Некоторое время мы ехали молча. Потом Джеймс выудил из-под бедра пакетик с марихуаной, решительно вскрыл его и, сунув нос в образовавшуюся щелку, понюхал содержимое.
— Судя по запаху, травка что надо, — с видом знатока изрек он.
— А ты откуда знаешь? Вчера ты говорил, что не куришь травку, потому что «не любишь терять контроль над эмоциями».
Джеймс снова залился краской. Думаю, он прекрасно осознавал, что вчера несколько утратил контроль над эмоциями, и если бы пошел чуть дальше, то непременно превратился бы дикаря, который, зажав в зубах сигарету и выпуская из ноздрей клубы едкого дыма, шатается по Централ-авеню и пинает ногами припаркованные возле тротуара машины.
— Это все из-за отца, — сказал он и, подумав немного, добавил: — Он курит травку. Ему врач прописал.
— Врач? Твой отец болен?
Джеймс кивнул.
— Да, мой папа… у него рак… прямой кишки.
— Боже мой, Джеймс. — Я был потрясен. — Черт, дружище, прости, я не знал.

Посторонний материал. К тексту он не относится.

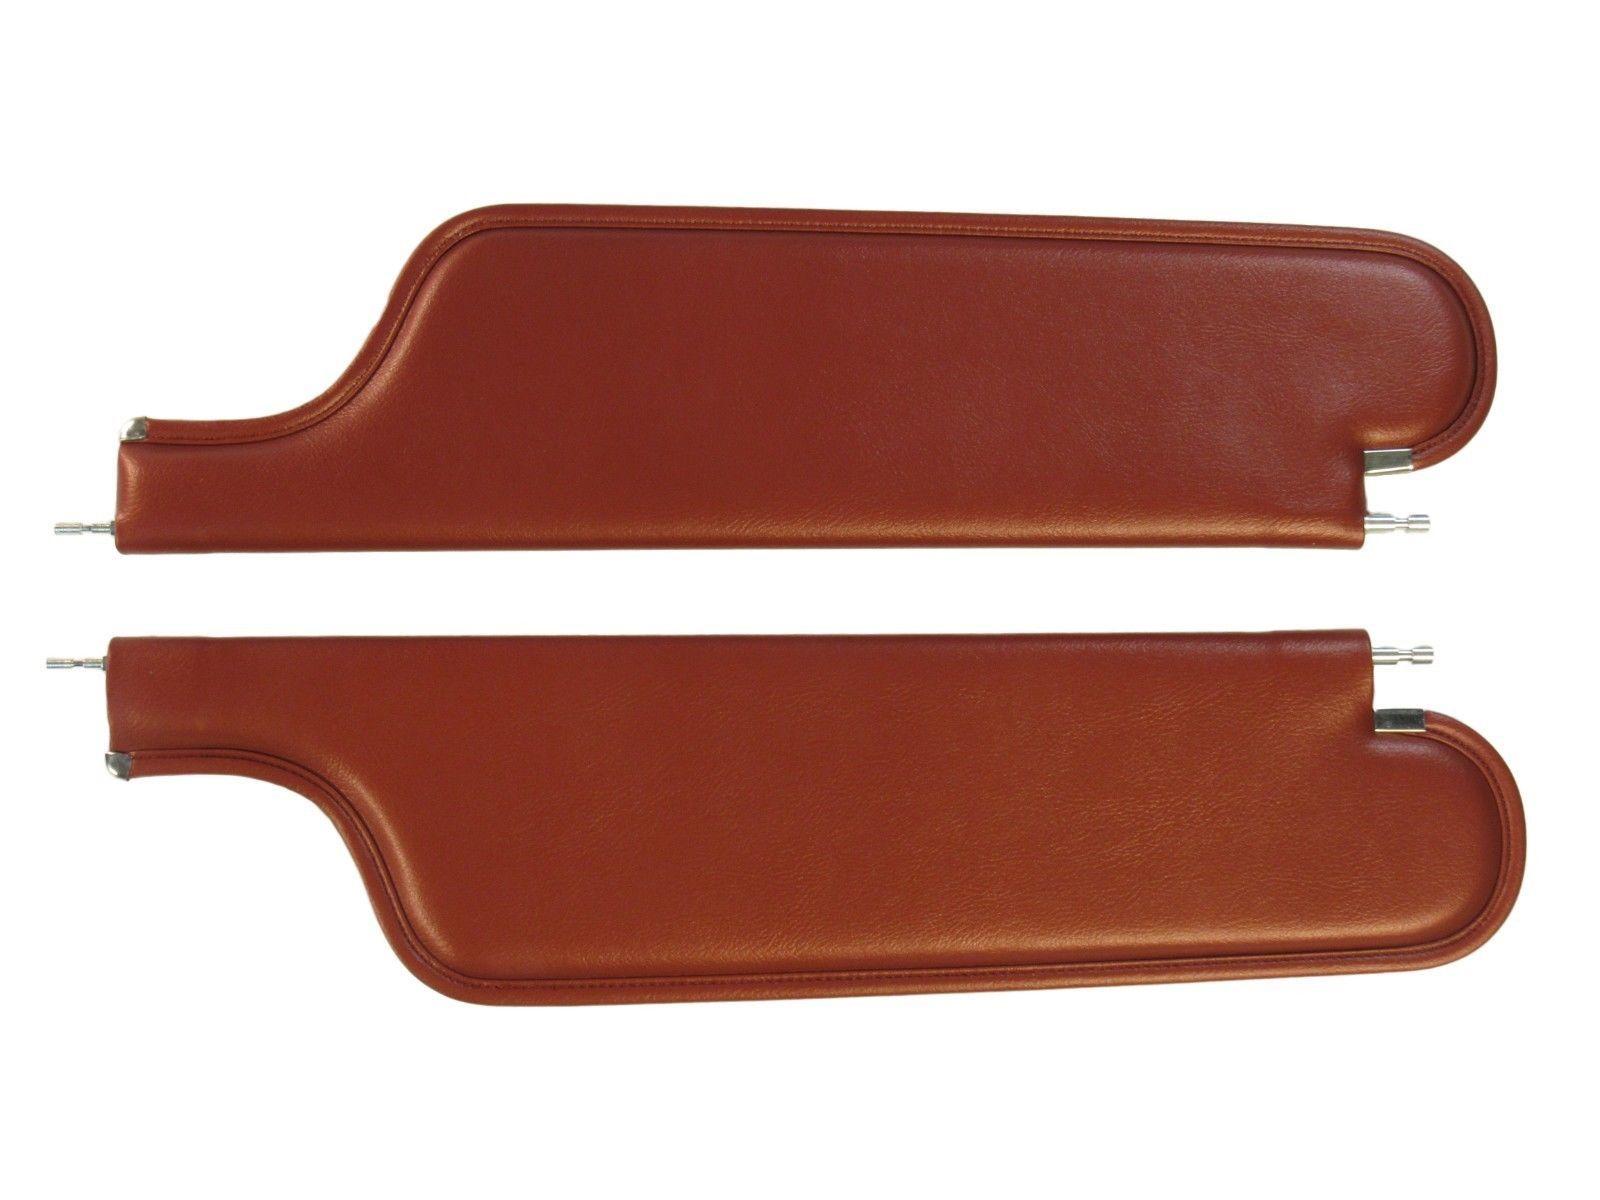 12 COLORS PERFORATED PATTERN 1964-1965 DODGE 2 DOOR SEDAN 5 BOW HEADLINER

— Угу. Он очень плохо себя чувствует, наверное, из-за химиотерапии. Настолько плохо, что даже не выходит из дома. Ну, и работать, конечно, тоже не может. Папа совсем забросил свой пруд, ужас — вода зацвела и покрылась какими-то хлопьями, и форель почти вся передохла. — Он покачал головой и скорбно вздохнул. На лице Джеймса промелькнуло легкое отвращение, словно он со всей ясностью вспомнил тот ужасный запах гниения, который витает над заросшим прудом его отца. — Ну, вы же понимаете, в таких случаях прописывают вот это. — Он встряхнул пакетик. — Хотите, я сверну вам сигаретку. Я всегда сам делаю сигареты для отца.
— Тебе самому приходится сворачивать сигареты? А я слышал, что сигареты с наркотиками, которые официально выдают онкологическим больным, делают промышленным способом, как обычные.
— Возможно, но только не те, которые выдают моему отцу. — Джеймс сурово нахмурил брови. — Мы просто получаем траву, вот в таких же маленьких пластиковых пакетиках.
Я пожал плечами. Мы проехали мимо полуразрушенного сарая, над входом в который все еще виднелась выцветшая вывеска «Рэд Мэн», и почти сразу же за сараем на обочине дороги промелькнул указатель, сообщавший, что до поворота на Киншип, штат Пенсильвания, осталось семьдесят пять миль. Я почувствовал, как екнуло сердце, и к горлу подступил комок, словно где-то глубоко внутри меня натянулась невидимая струна.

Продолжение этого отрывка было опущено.